Q&A: Bocanova’s Rick Hackett

Oakland, CA – In the September issue of Diablo Magazine, reporter Ethan Fletcher caught up with Rick Hackett, co-owner with wife Meredith Melville, of Bocanova, Jack London Square’s latest upscale restaurant to open.

Tell me a little about the “Pan American cuisine” concept for the restaurant?
I wanted to draw inspiration mainly from South America, Latin America, and Mexico, but I wanted to include North America and California, but to heighten the spice level a little bit. Not real spicy, I can’t eat real spicy food, but this is a different kind of spice from these peppers that just give you some heat in your mouth.
I really wanted to reacquaint people with how the new world ingredients really influenced cuisine.
Can you give an example?
The tomato, potatoes, that’s from Peru, corn is from the Americas. European cuisines have really taken ownership of those ingredients. You’ve got the spicy peppers and sweet peppers, they all started here.
Is that where your expertise lies?
Not exactly, but for the last ten years, in the kitchens that I run, it’s been all Latino cooks. So when they cook for staff meal or family meal, you can see their influence. I’m classically trained, so when I teach them technique then they apply that to their old recipes and what they’re familiar with, it comes out with a little bit more sophistication and it comes out really well. At Market Bar, I have a Peruvian soux chef, cooks form El Salvador, Costa Rica, Nicaragua, a lot of Mexicans, it’s very varied.
It seems like there is a lot of momentum when it comes to South and Central American cuisine?
I think there’s a lot of interest there. It might not come true, but I said as many as 15 years ago that Mexican food should be elevated to one of the higher cuisines because if you get beyond the burritos and tacos and street food, it’s a pretty complex cuisine, the different moles, the salsas, the ceviches, it’s pretty varied. Then when you get down to Argentina it’s basically steak, meat on the grill, which we’ll have too.
Why the move to Jack London Square?
Jack London Market right here. I believe in what they’re doing, they’ve had a vision and they’ve stuck to it. My one concern in doing this, is I didn’t want them to sell out if they couldn’t lease the spaces and I didn’t want all of a sudden to be stuck next to a chain restaurant. They’re committed. I know the chef going in there and I know the person who is going in next to me, and they’re all quality people. I’m already buying from the butcher who’s going into the market.

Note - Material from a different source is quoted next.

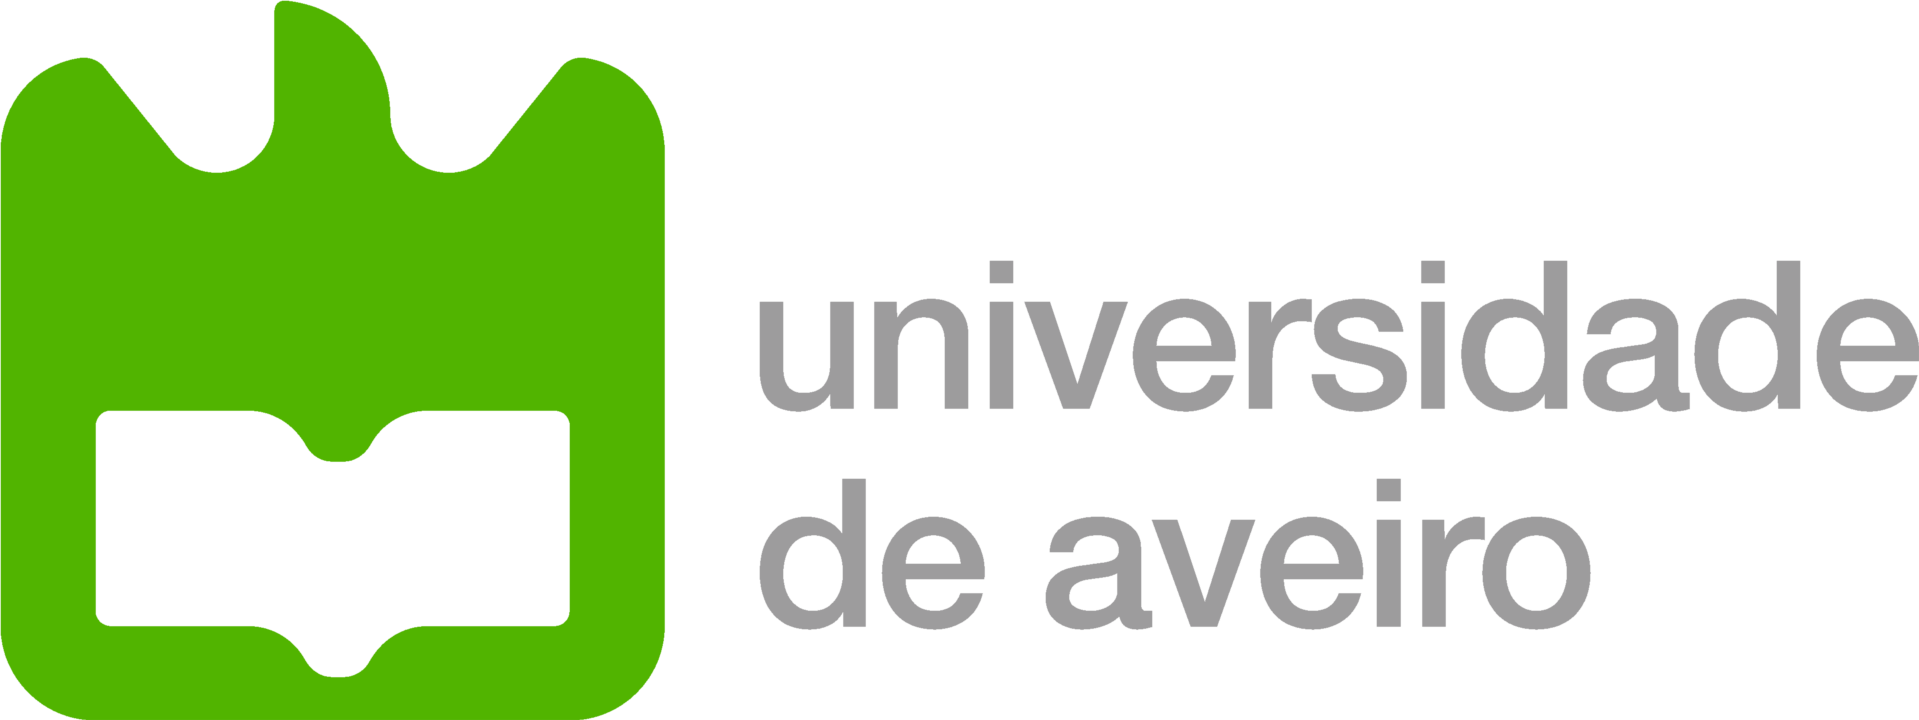 Study in University of Aveiro with Scholarship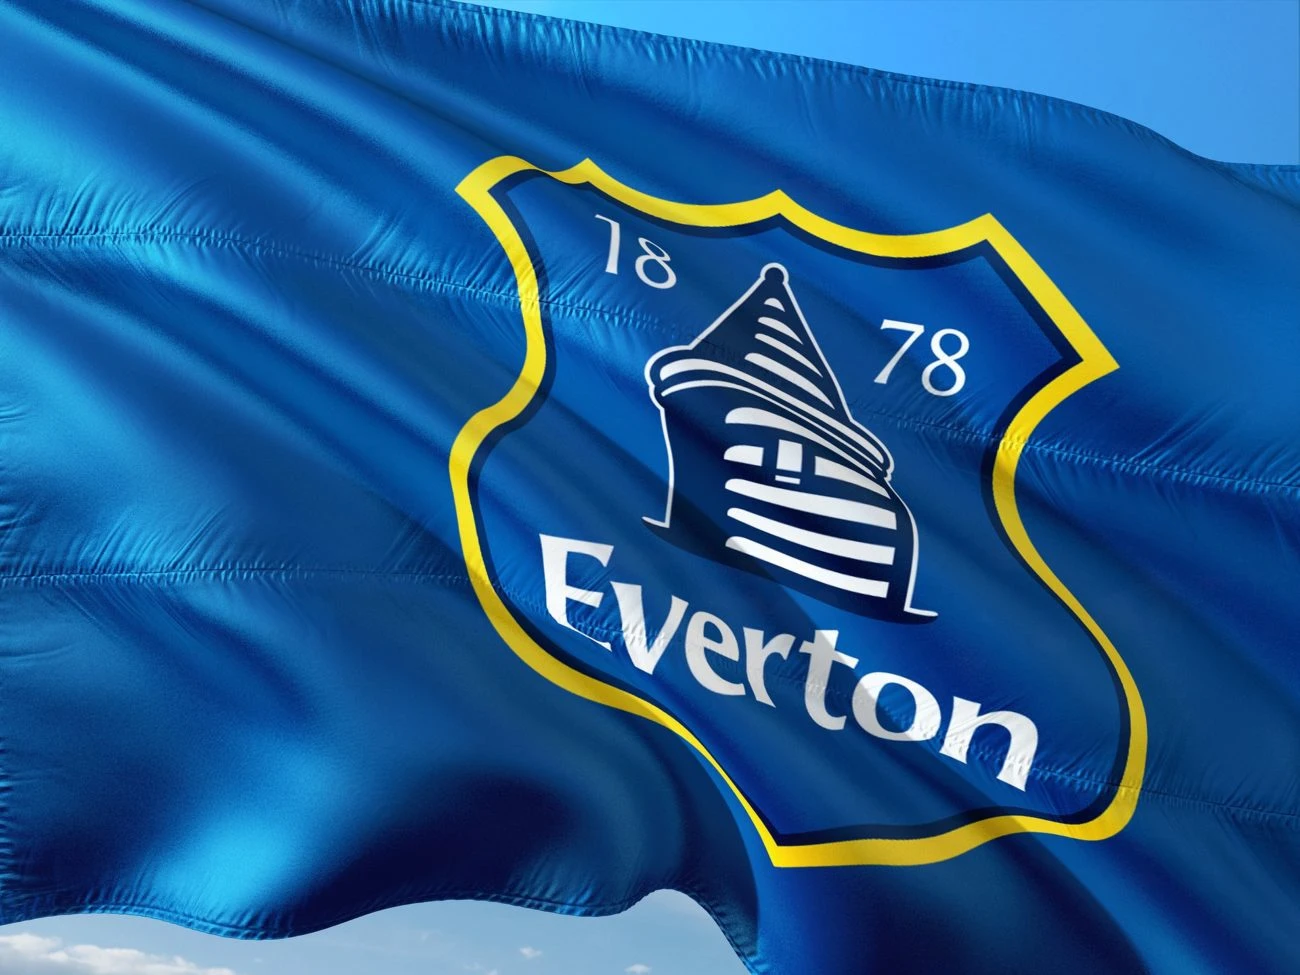 Everton FC announces partnership with i8.Bet - Marketing & affiliates - iGB

I think what they’re trying to do is create this concentration of market, restaurants, and food vendors, wine and cheese shops, that want to be local, sustainable, and organic. I think at one point they used the term food mecca and I bought into that and I think it can really work here. I live in Oakland, and I think what turned me around was when they opened up the Whole Foods (near Lake Merritt), that told me that the people in Oakland are rally hungry for this and just look at all the great new restaurants opening up. I think Oakland is going to blossom, plus it’s cheaper to do business here.